* _What you are asked to do_
Would you write out the lines below exactly, from the one containing "Itechno – Creative" to the very last, but without the pictures?

* _Dataset content_
——————
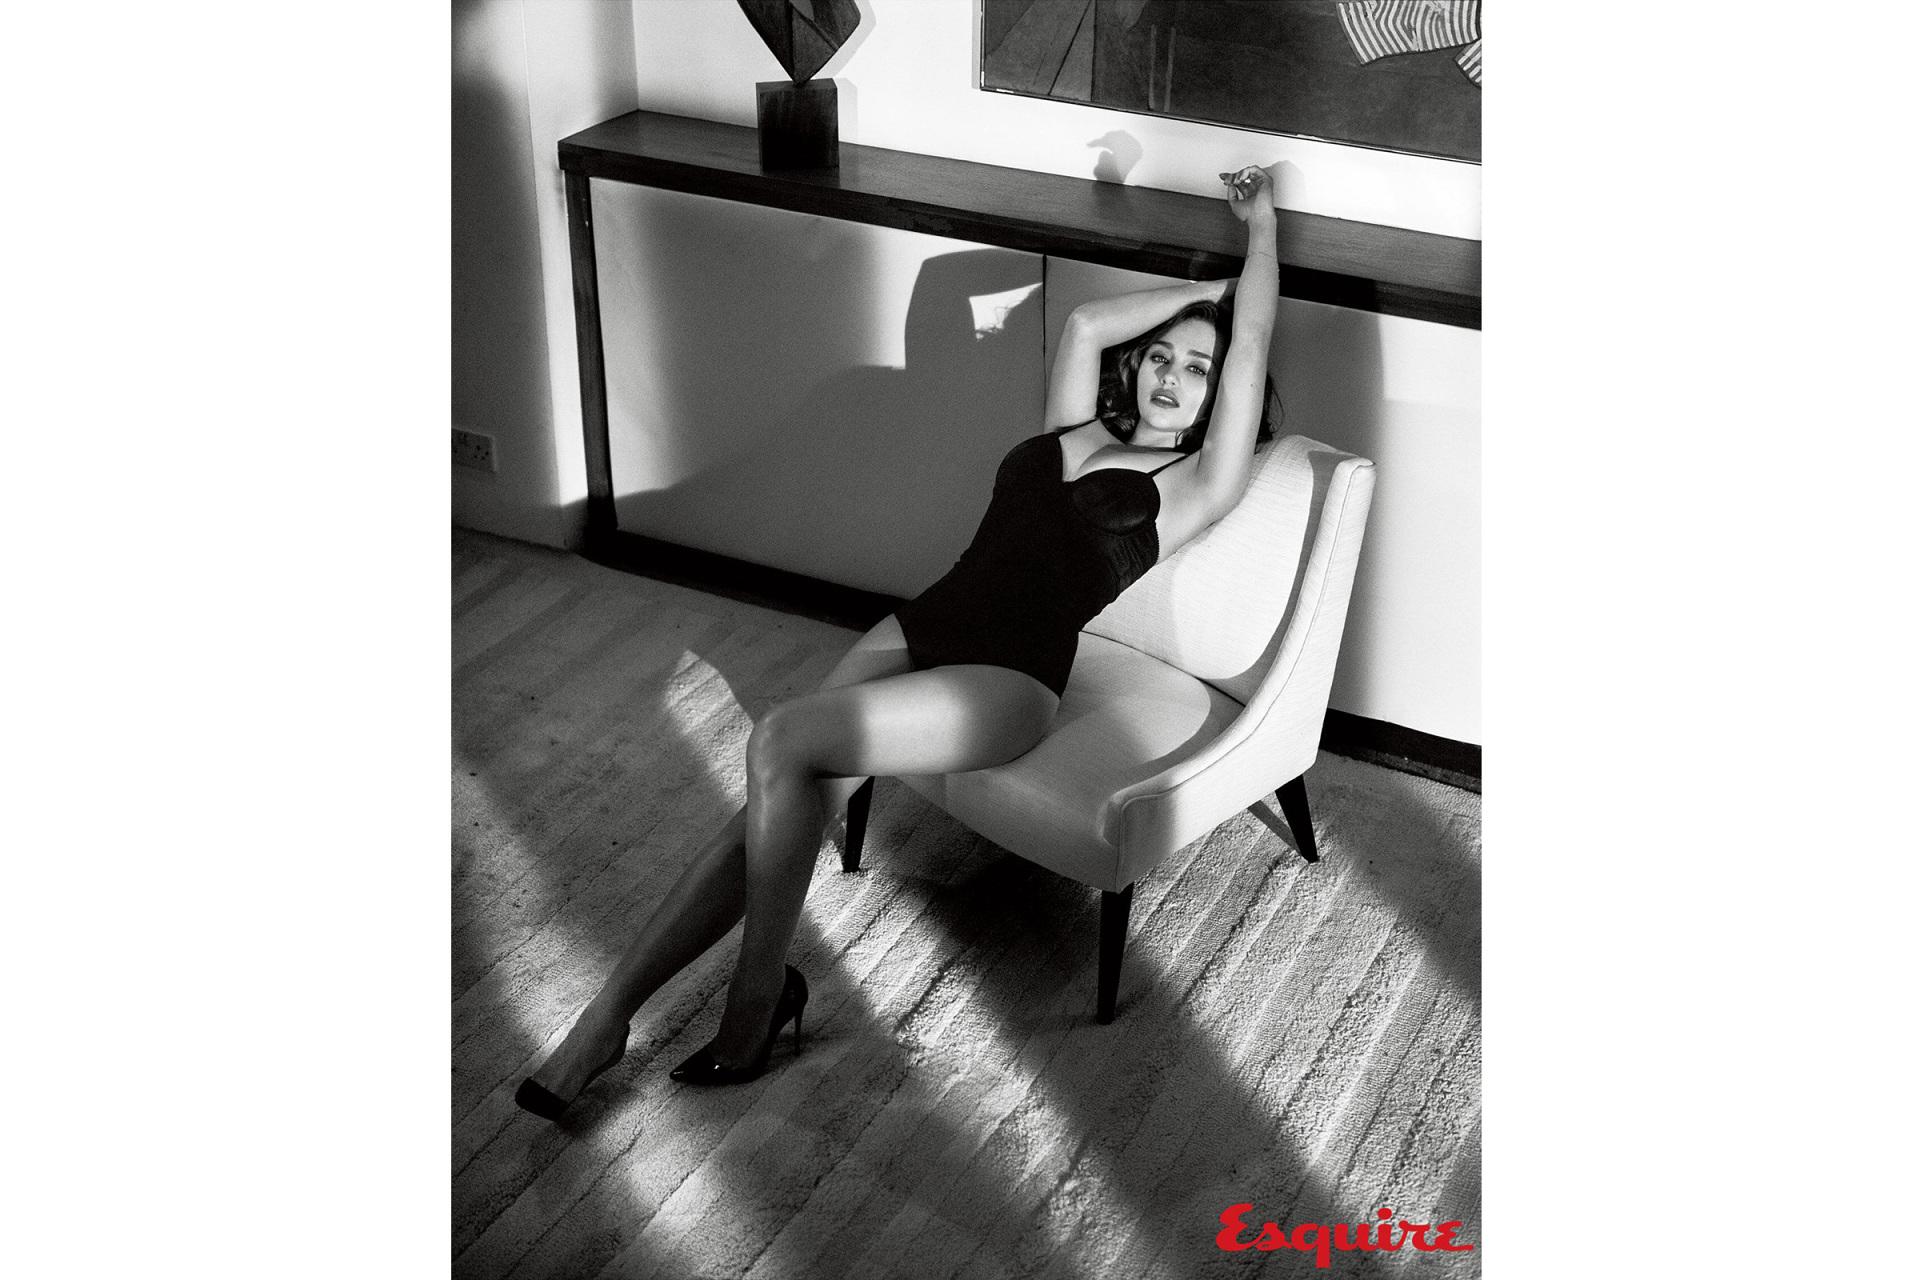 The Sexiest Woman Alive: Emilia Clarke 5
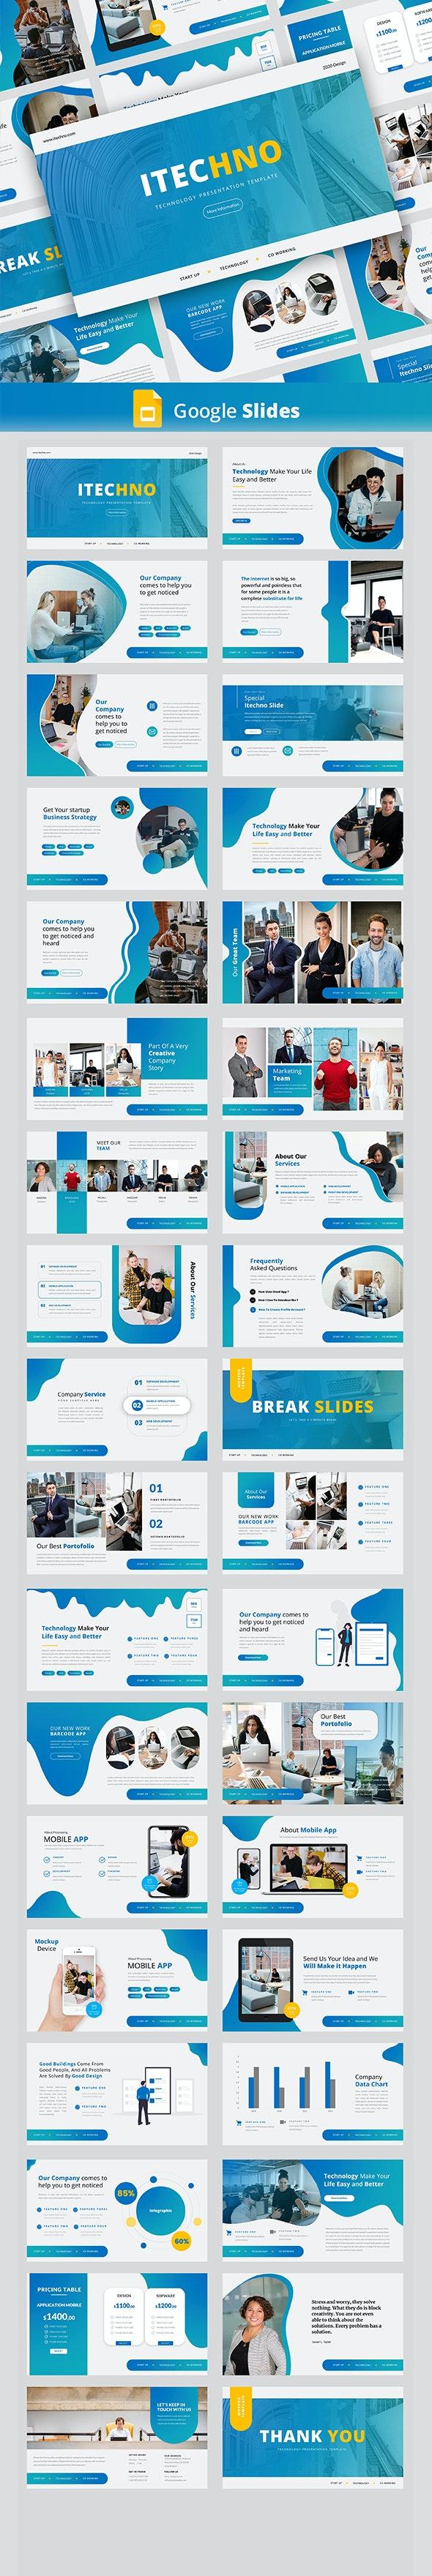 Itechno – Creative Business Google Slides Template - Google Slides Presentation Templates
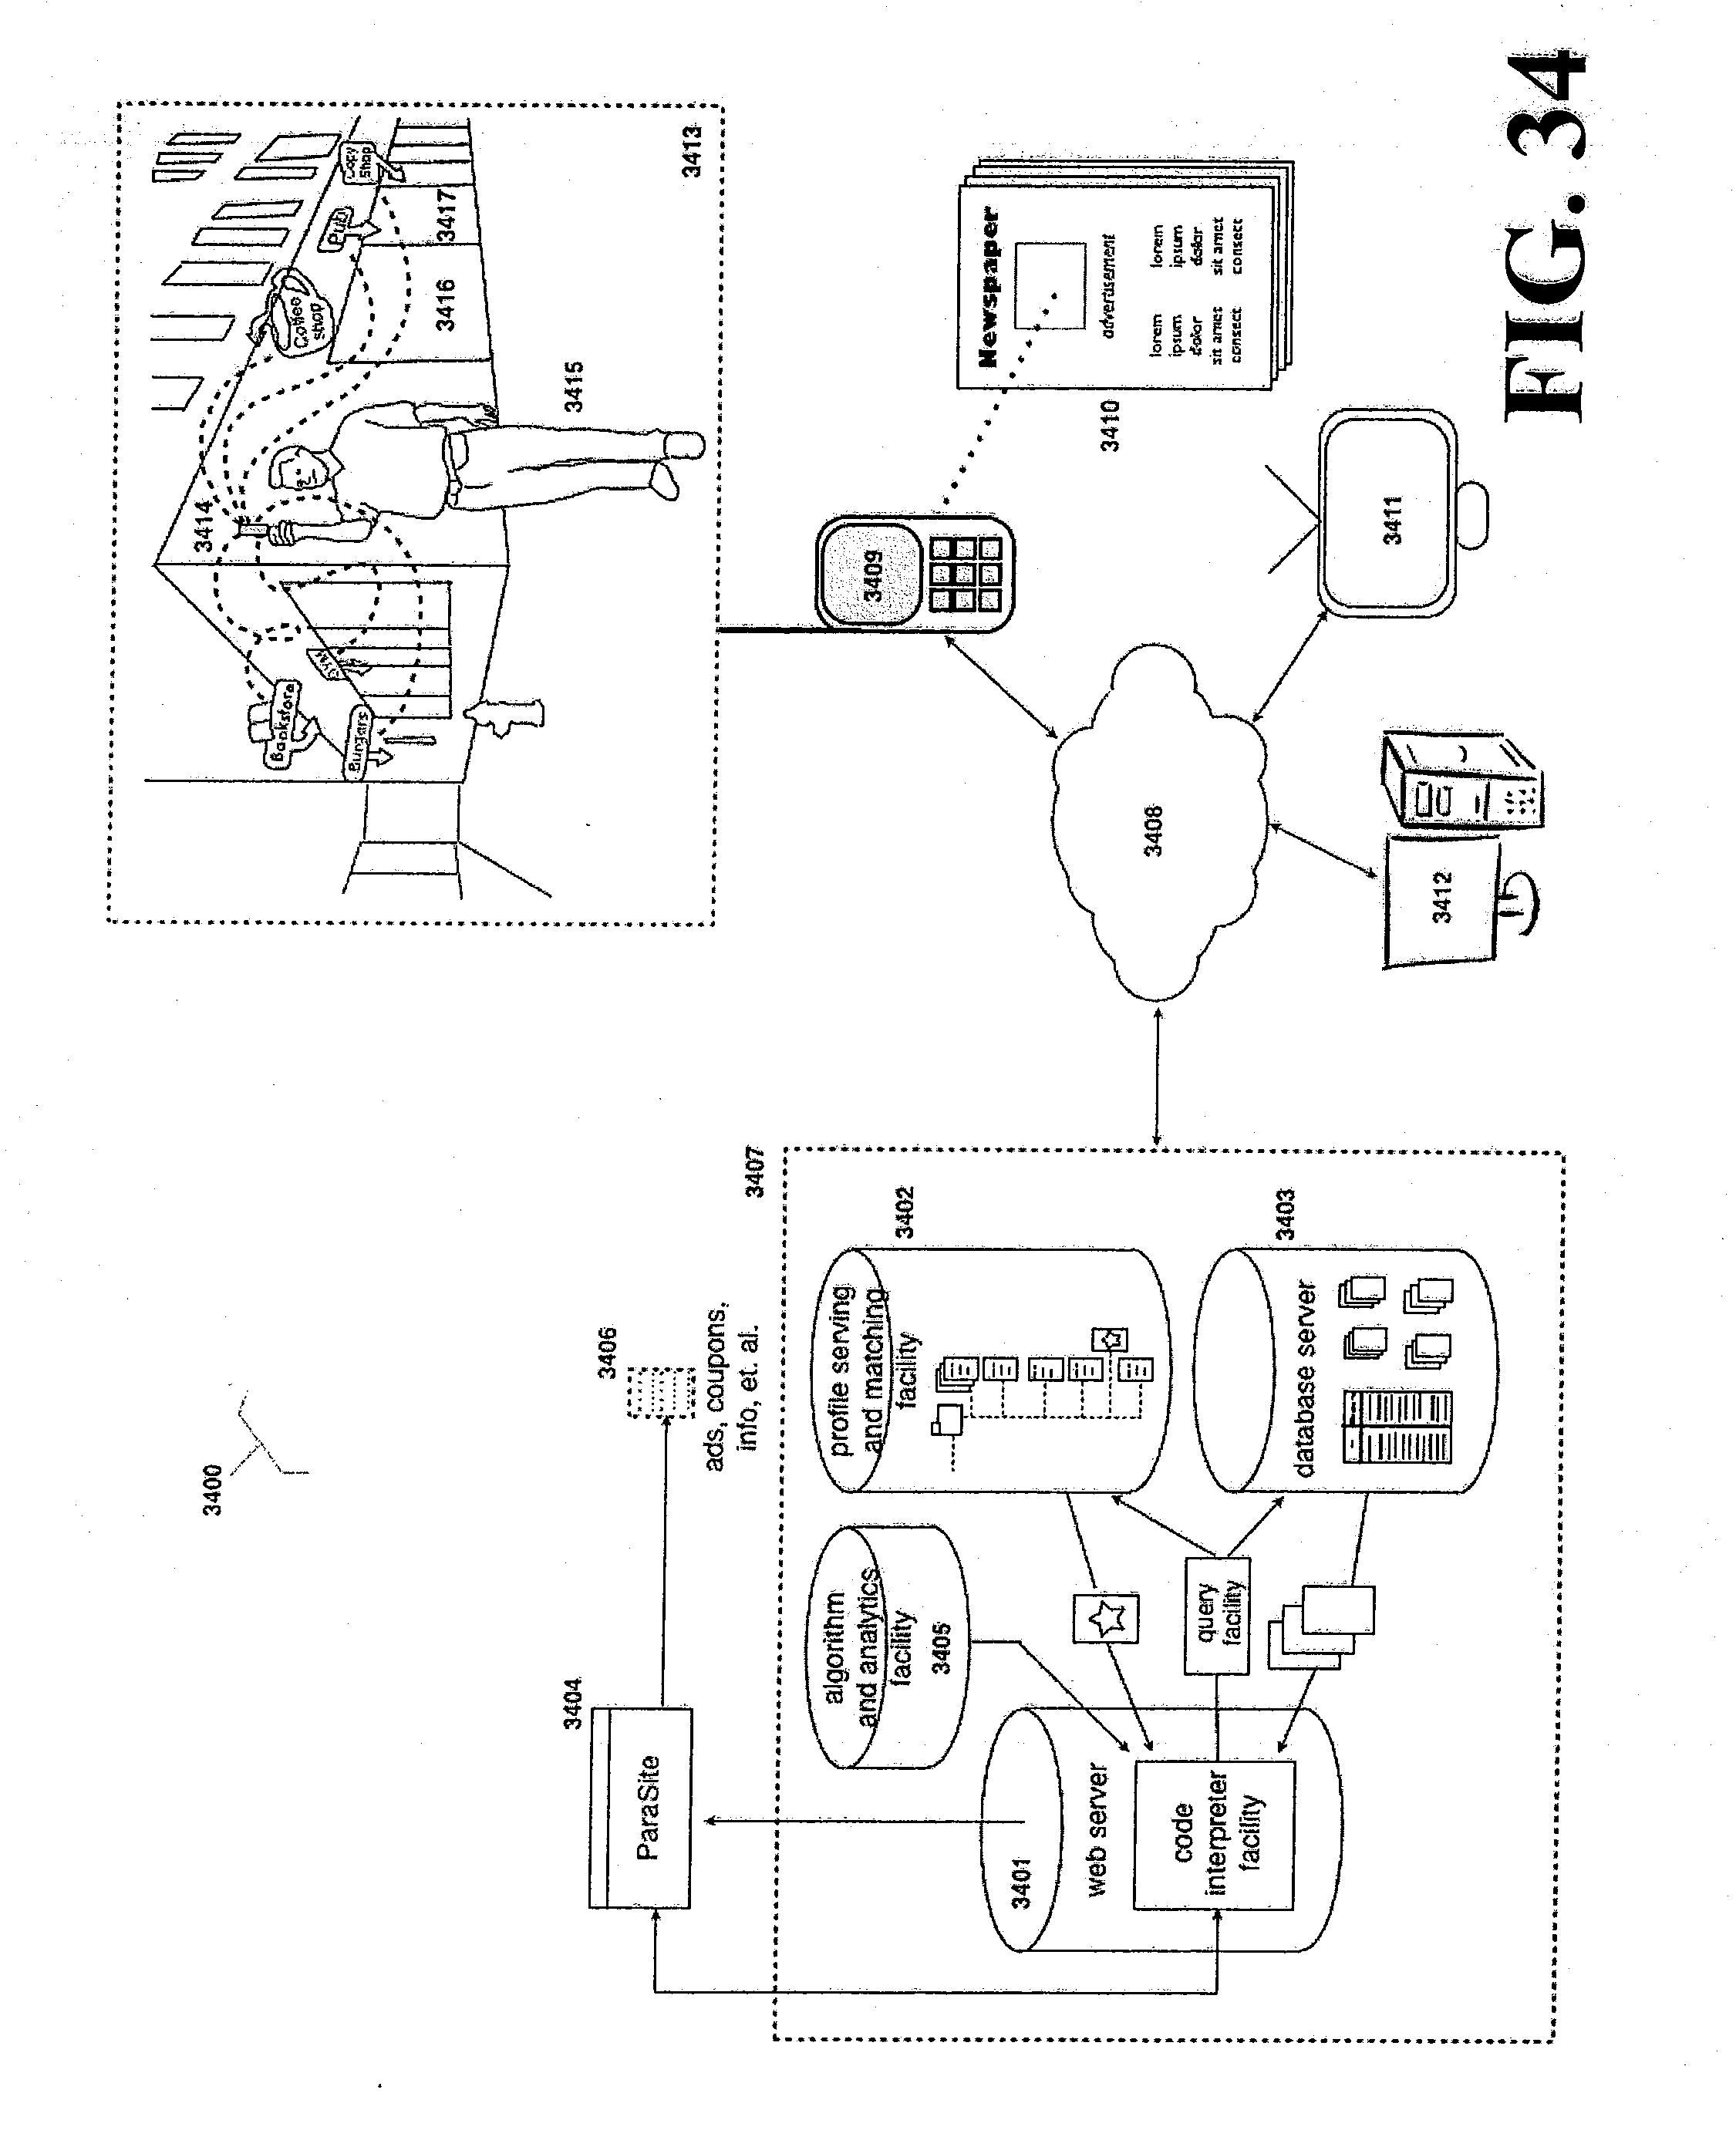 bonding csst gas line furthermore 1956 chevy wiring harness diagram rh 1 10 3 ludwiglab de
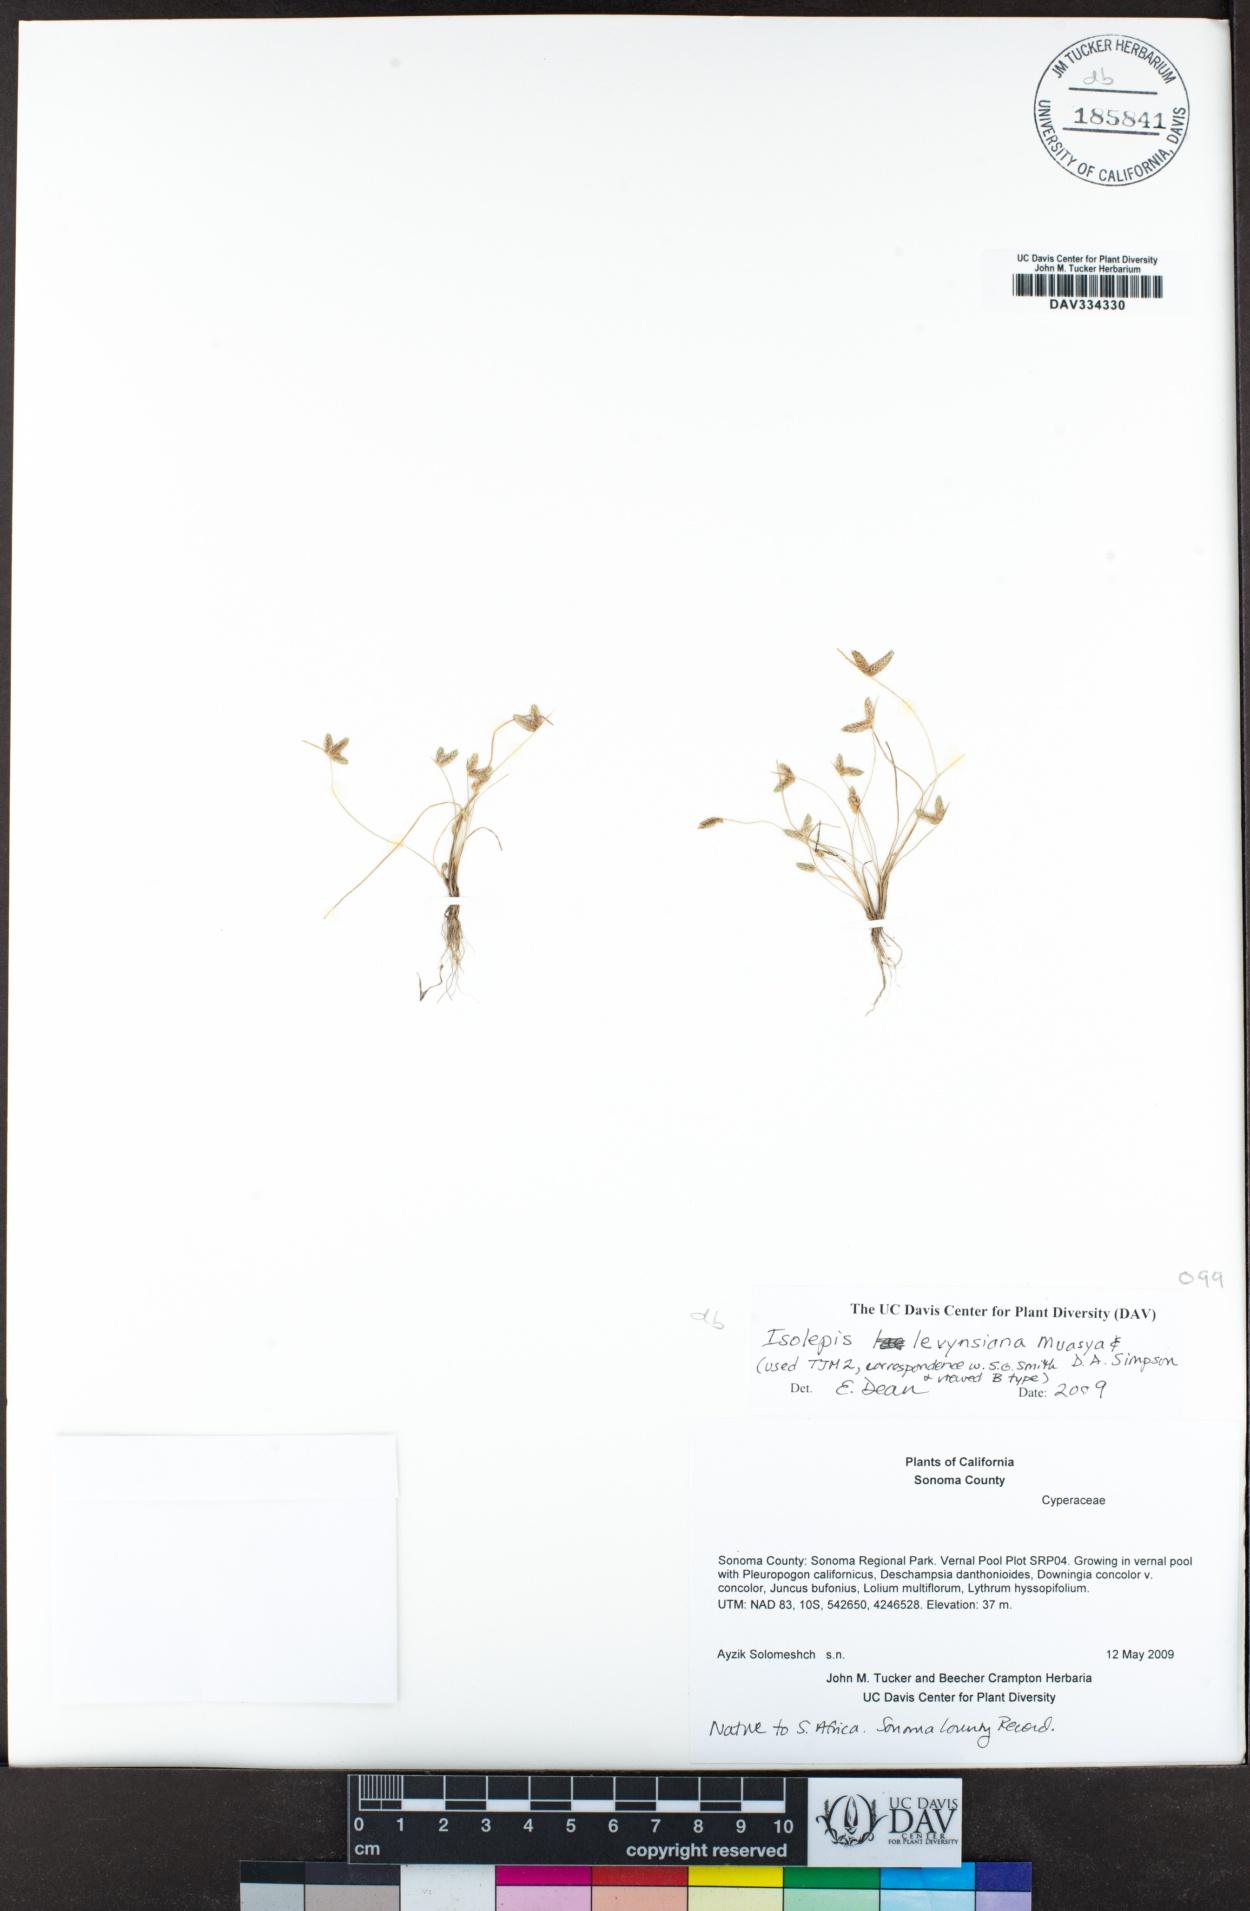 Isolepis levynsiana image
——————
* _Reply_
 Itechno – Creative Business Google Slides Template - Google Slides Presentation Templates
 bonding csst gas line furthermore 1956 chevy wiring harness diagram rh 1 10 3 ludwiglab de
 Isolepis levynsiana image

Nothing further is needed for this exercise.